Item 1.02. Termination of a Material Definitive Agreement
     On June 3, 2011, the Partnership, Northwest and Transco terminated, and the Partnership prepaid all amounts owed under the Existing WPZ Credit Agreement, comprised of a $300 million borrowing, subject to the survival of any provisions which by their terms survive the termination. Upon the termination of the Existing Credit Agreement, the Partnership, Northwest and Transco entered into the New Credit Facility Agreement as stated under Item 1.01 above.
Item 2.03. Creation of a Direct Financial Obligation or an Obligation under an Off-Balance Sheet Arrangement of a Registrant
     On June 3, 2011, the Partnership, Northwest and Transco entered into the New Credit Facility Agreement as described under Item 1.01 above.
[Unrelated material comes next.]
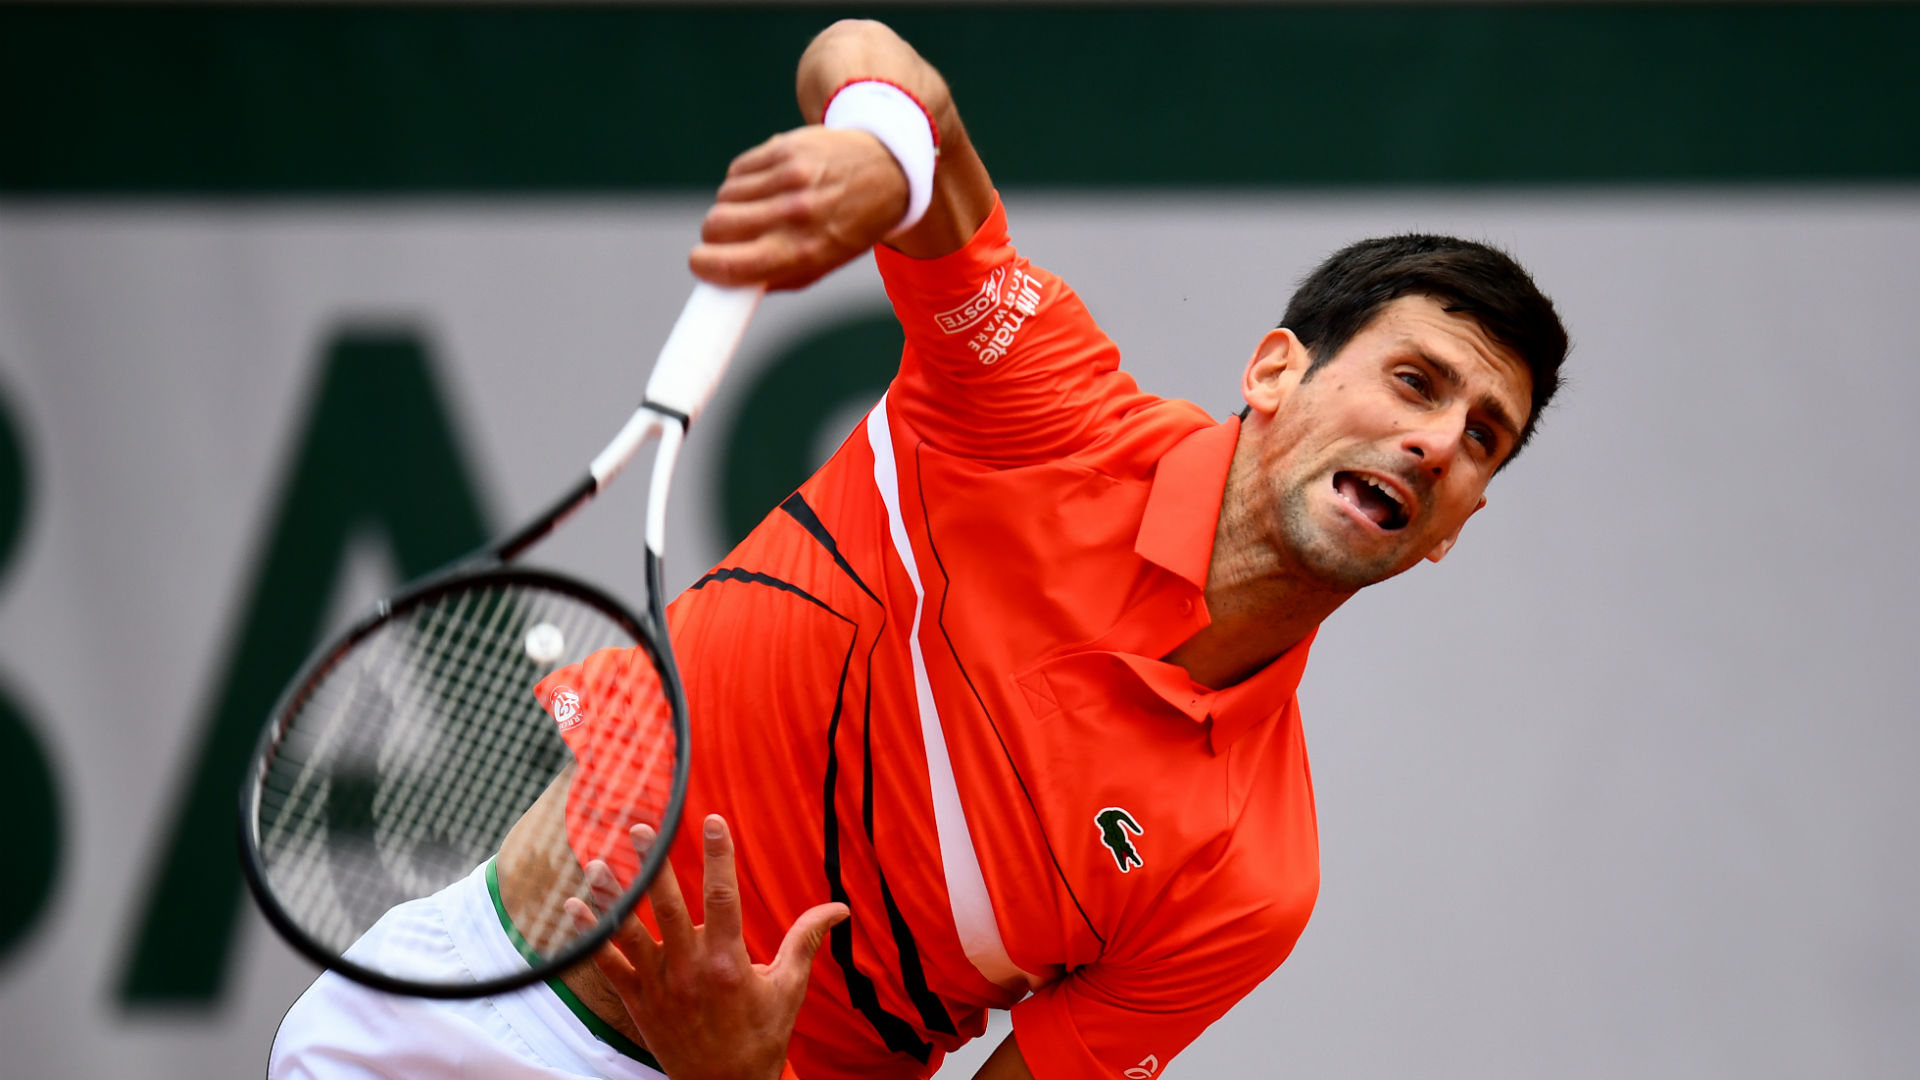 French Open: Novak Djokovic overpowers Zverev | Sporting News Canada1920 x 1080

The description of the New Credit Facility Agreement under Item 1.01 above is incorporated into this Item 2.03 by reference.
Item 9.01. Financial Statements and Exhibits.
     (d) Exhibits.
     
Exhibit Number   Description
Exhibit 10.1  
Credit Agreement, dated as of June 3, 2011, by and among Williams Partners L.P., Northwest Pipeline GP and Transcontinental Gas Pipe Line Company, LLC, as co-borrowers, the lenders named therein, and Citibank N.A., as Administrative Agent (filed on June 9, 2011 as Exhibit 10.1 to Williams Partners L.P.’s Current Report on Form 8-K and incorporated herein by reference).

 


 

SIGNATURES
     Pursuant to the requirements of the Securities Exchange Act of 1934, the registrant has duly caused this report to be signed on its behalf by the undersigned hereunto duly authorized.
         
  NORTHWEST PIPELINE GP
 
 
Date: June 9, 2011  By:   /s/ La Fleur C. Browne    
    La Fleur C. Browne   
    Corporate Secretary   

 


 

         
INDEX TO EXHIBITS
     
Exhibit Number   Description
Exhibit 10.1  
Credit Agreement, dated as of June 3, 2011, by and among Williams Partners L.P., Northwest Pipeline GP and Transcontinental Gas Pipe Line Company, LLC, as co-borrowers, the lenders named therein, and Citibank N.A., as Administrative Agent (filed on June 9, 2011 as Exhibit 10.1 to Williams Partners L.P.’s Current Report on Form 8-K and incorporated herein by reference).